Supplied information:
---

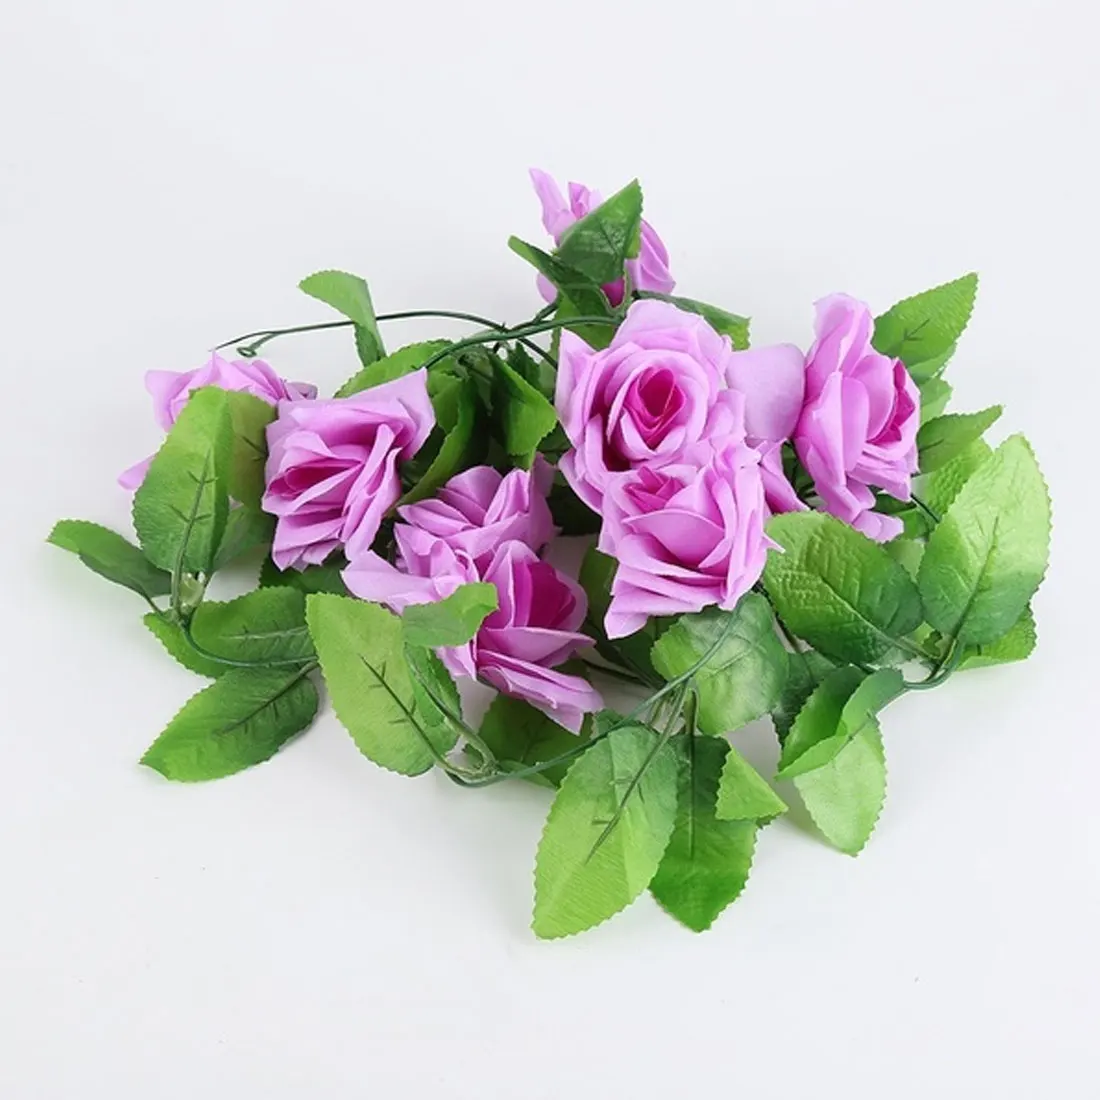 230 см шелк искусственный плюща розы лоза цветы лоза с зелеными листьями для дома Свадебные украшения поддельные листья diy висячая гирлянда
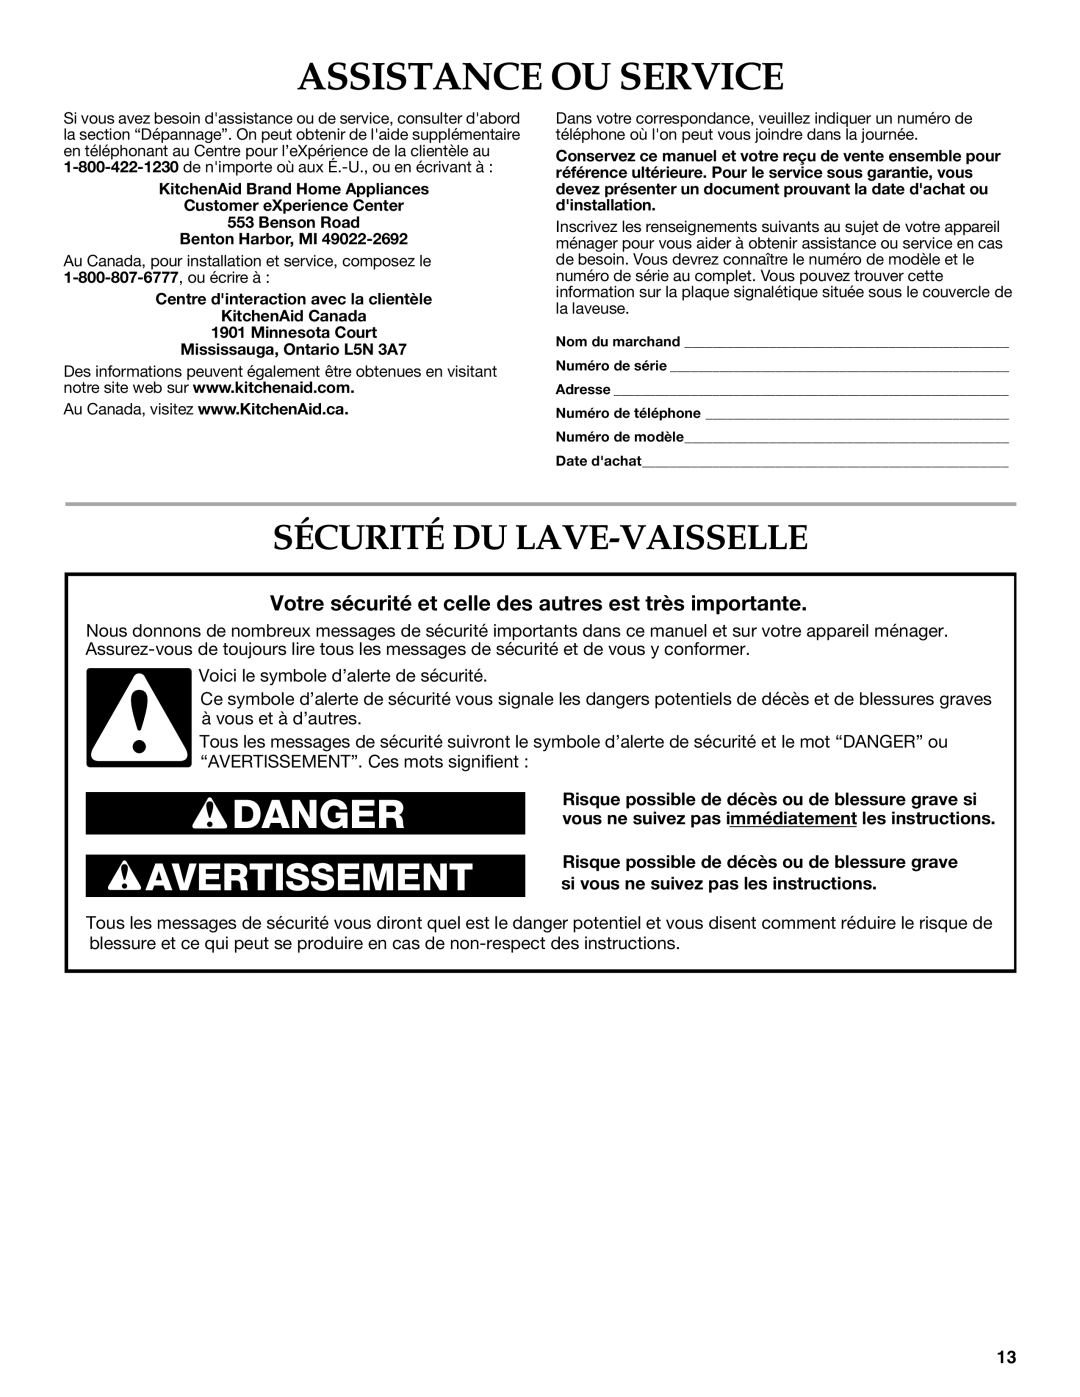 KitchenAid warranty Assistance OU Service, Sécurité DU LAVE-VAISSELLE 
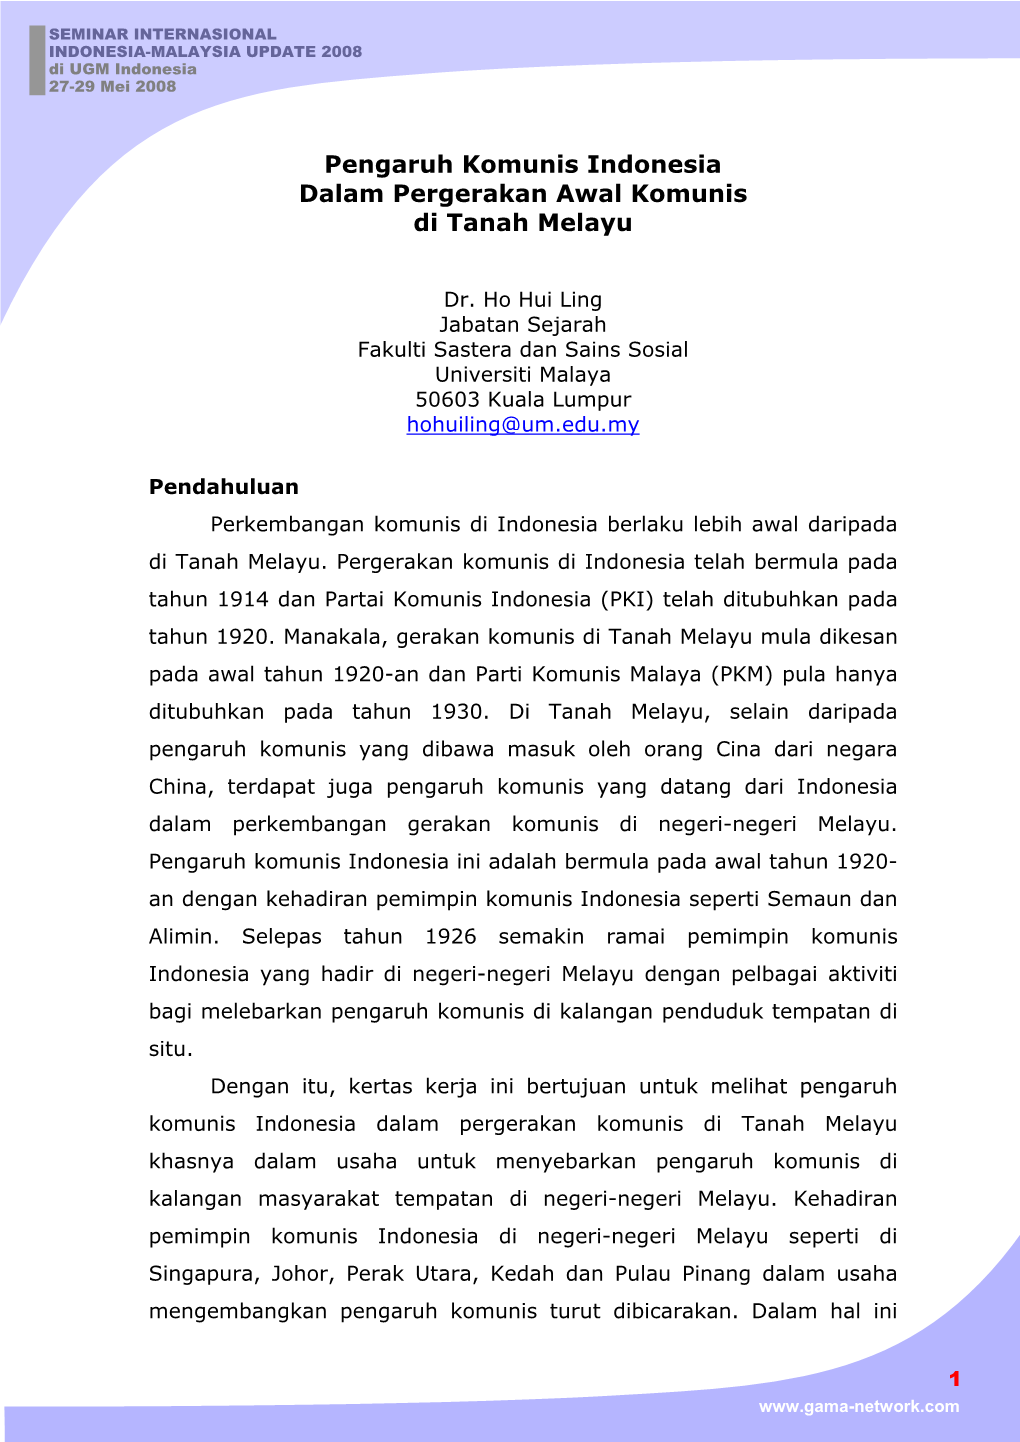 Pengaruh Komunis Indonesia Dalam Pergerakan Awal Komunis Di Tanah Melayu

---

Work order:
Pictures aside, the material must be written out word for word.

Task output:
 230 см шелк искусственный плюща розы лоза цветы лоза с зелеными листьями для дома Свадебные украшения поддельные листья diy висячая гирлянда
 KitchenAid warranty Assistance OU Service, Sécurité DU LAVE-VAISSELLE 
 Pengaruh Komunis Indonesia Dalam Pergerakan Awal Komunis Di Tanah Melayu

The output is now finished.